Knowledgebase-Collecting Back Property Taxes Due to Clerical Error

Information Product

Title:Collecting Back Property Taxes Due to Clerical Error
Summary:MTAS was asked what the statute of limitations is on a clerical error in the office of the county property tax assessor that saw a piece of property within the City left off the city’s property tax rolls.
Original Author:Hemsley, Sid
Product Create Date:04/09/2007
Last Reviewed on::03/19/2010
Subject:Tax collection; Taxes--Real property--Tennessee
Type:Legal Opinion
Legal Opinion: Collecting Back Property Taxes public.doc

Reference Documents:

Text of Document: April 9, 2007

Dear City Administrator:

You have the following question: What is the statute of limitations on a clerical error in the office of the county property tax assessor that saw a piece of property within the City left off the city’s property tax rolls?
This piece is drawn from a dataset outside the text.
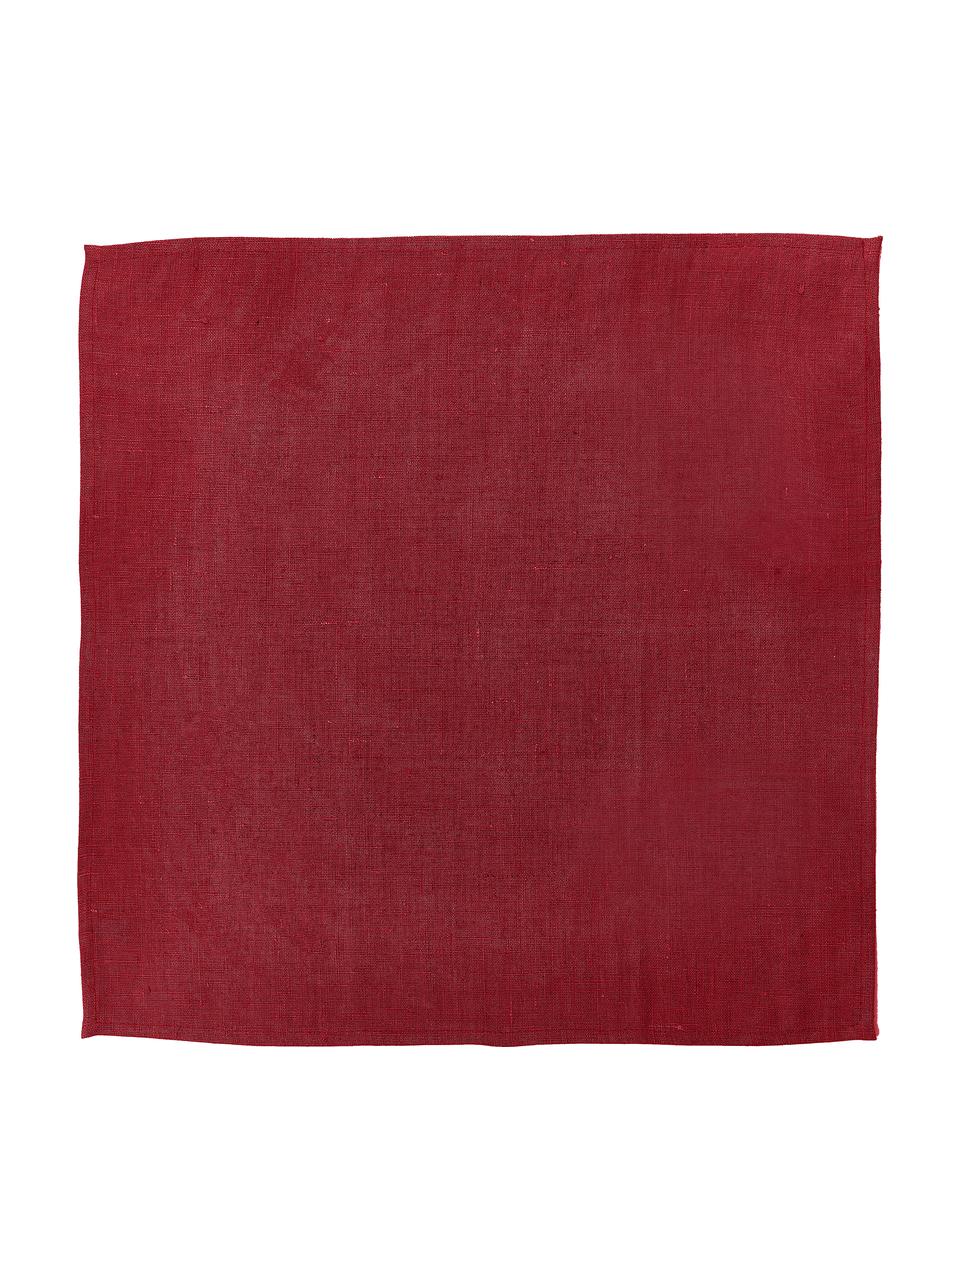 Serwetka z lnu Heddie, 2 szt., 100% len, Czerwony, S 45 x D 45 cm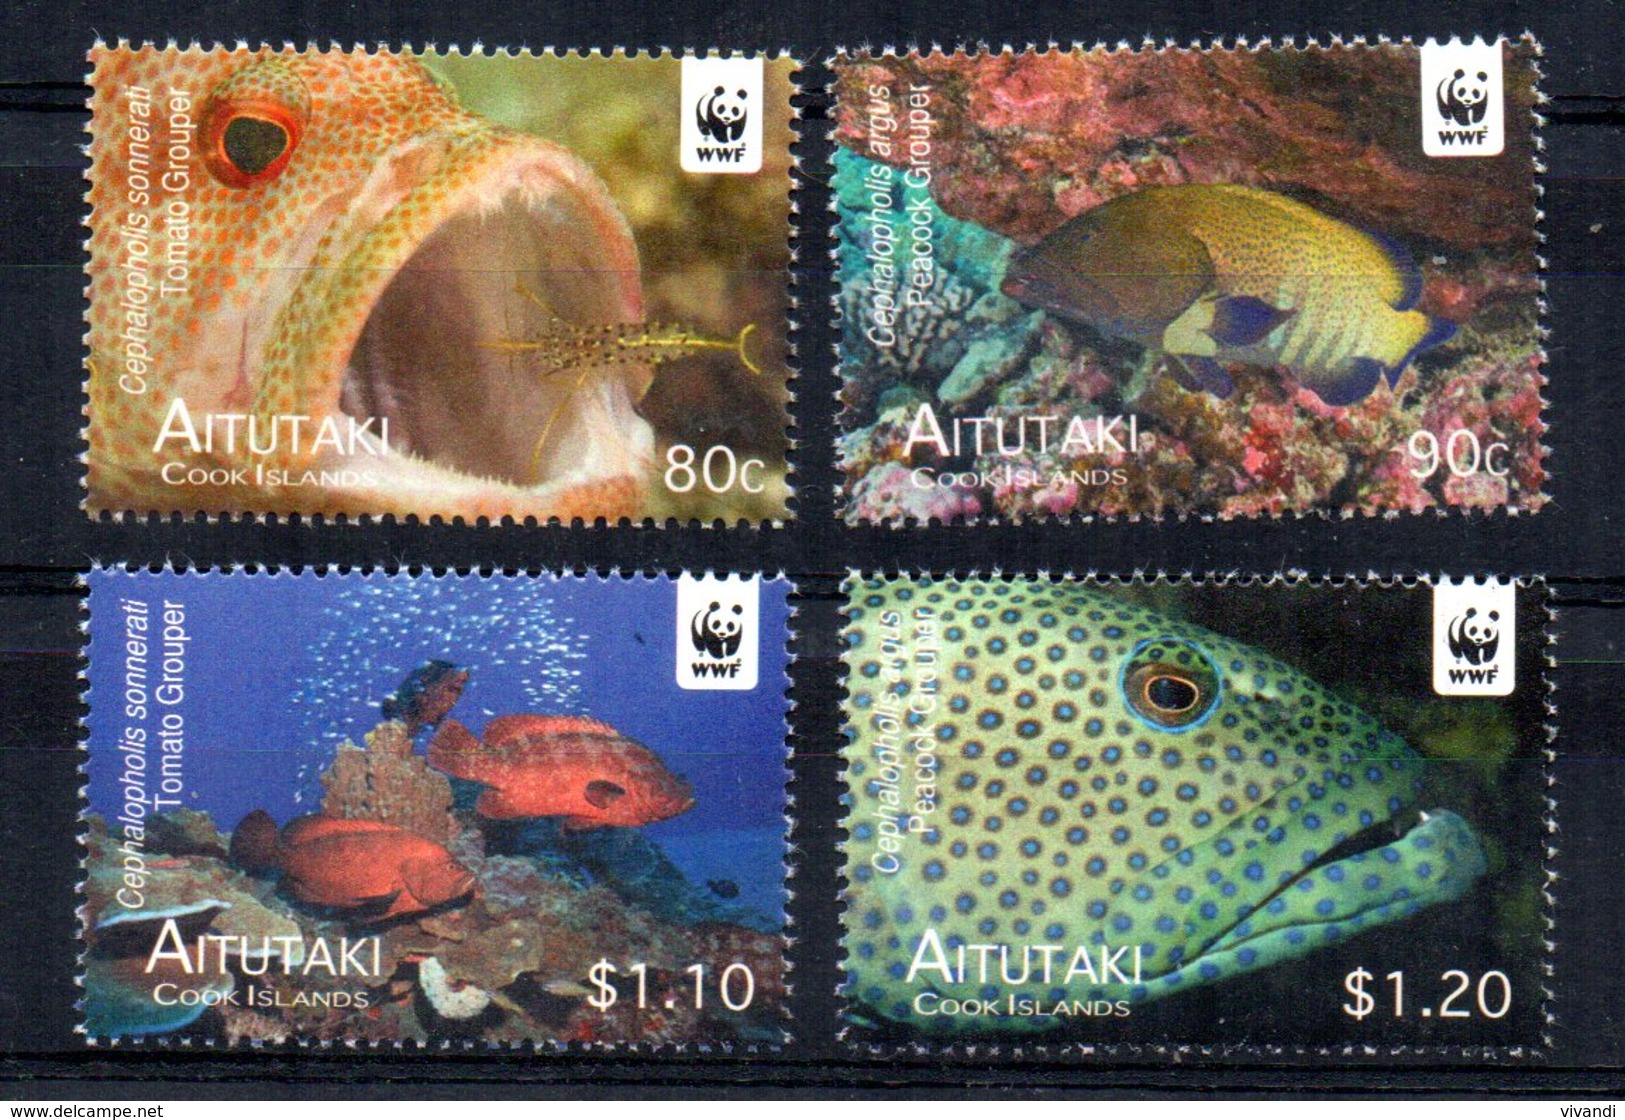 Aitutaki - 2010 - Endangered Species/Groupers - MNH - Aitutaki

As I understand the facts, a change in both the location of the business within the city, and a change of ownership of the business, occurred about six years ago (2000–2001), and in the process of those changes the county property tax assessor keyed the piece of property onto the county’s property tax rolls, but did not key the piece of property onto the city’s tax rolls.

The answer appears to be governed by Tenn. Code Ann. 67-5-509, which is entitled Errors–Correction of Assessments. Under that statute the property owner would owe the taxes for the current year and two back years.

Tenn. Code Ann. 67-5-509 provides that:

(c)(1) Whenever the assessor shall discover, or it has been called to such assessor’s attention, that there has been an error or omission in the listing, description, classification or assessed value of property or any other error or omission in the tax rolls held by the trustee or municipal collector, the assessor shall certify the facts to the trustee or municipal collector, who shall receive the tax on the corrected assessment and report the difference in the trustee’s or municipal collector’s errors and releasement list, and shall make such other corrections as such certificate may show right and proper.

(2) the assessor shall certify to the trustee or municipal collector the facts and the reasons for such a change in such assessment, and the tax shall be collected upon the revised assessment.

(3) ***************************************************

(d) Correction of assessments pursuant to this section must be requested by the taxpayer, or initiated by the assessor, prior to March 1, no more than the second year following the tax year for which the correction is to be made. Additional taxes due as the result of a corrected assessment shall not be deemed delinquent until sixty (60) days after the date notice of the corrected assessment is sent to the taxpayer. Once a suit has been filed for the collection of delinquent taxes pursuant to 67-5-2405, the assessment and levy for all county, municipal and other property tax purposes are deemed to be valid and are not subject to correction under this section. [Emphasis added by me.]
(e) ************************************************
(f) Errors or omissions correctable under this section include only obvious clerical mistakes, involving no judgment or of discretion by the assessor, name or address of an owner, the location or physical description of property, misplacement of a decimal point or mathematical calculation, errors of classification, and duplicate assessments. Errors or omissions correctable under this section do not include clerical mistakes in tax reports or schedules filed by a taxpayer with the assessor.

Subsection (f) is the product of Public Acts 1990, Chapter 898, 2, the preface of which declared:

WHEREAS, Tennessee Code Annotated, Section 67-5-509, has been judicially interpreted that corrections of errors or omissions are limited to those errors or omissions that are “housekeeping”; and

WHEREAS, the Attorney General and Reporter has opined that only errors which are ascertainable on their face may be corrected;....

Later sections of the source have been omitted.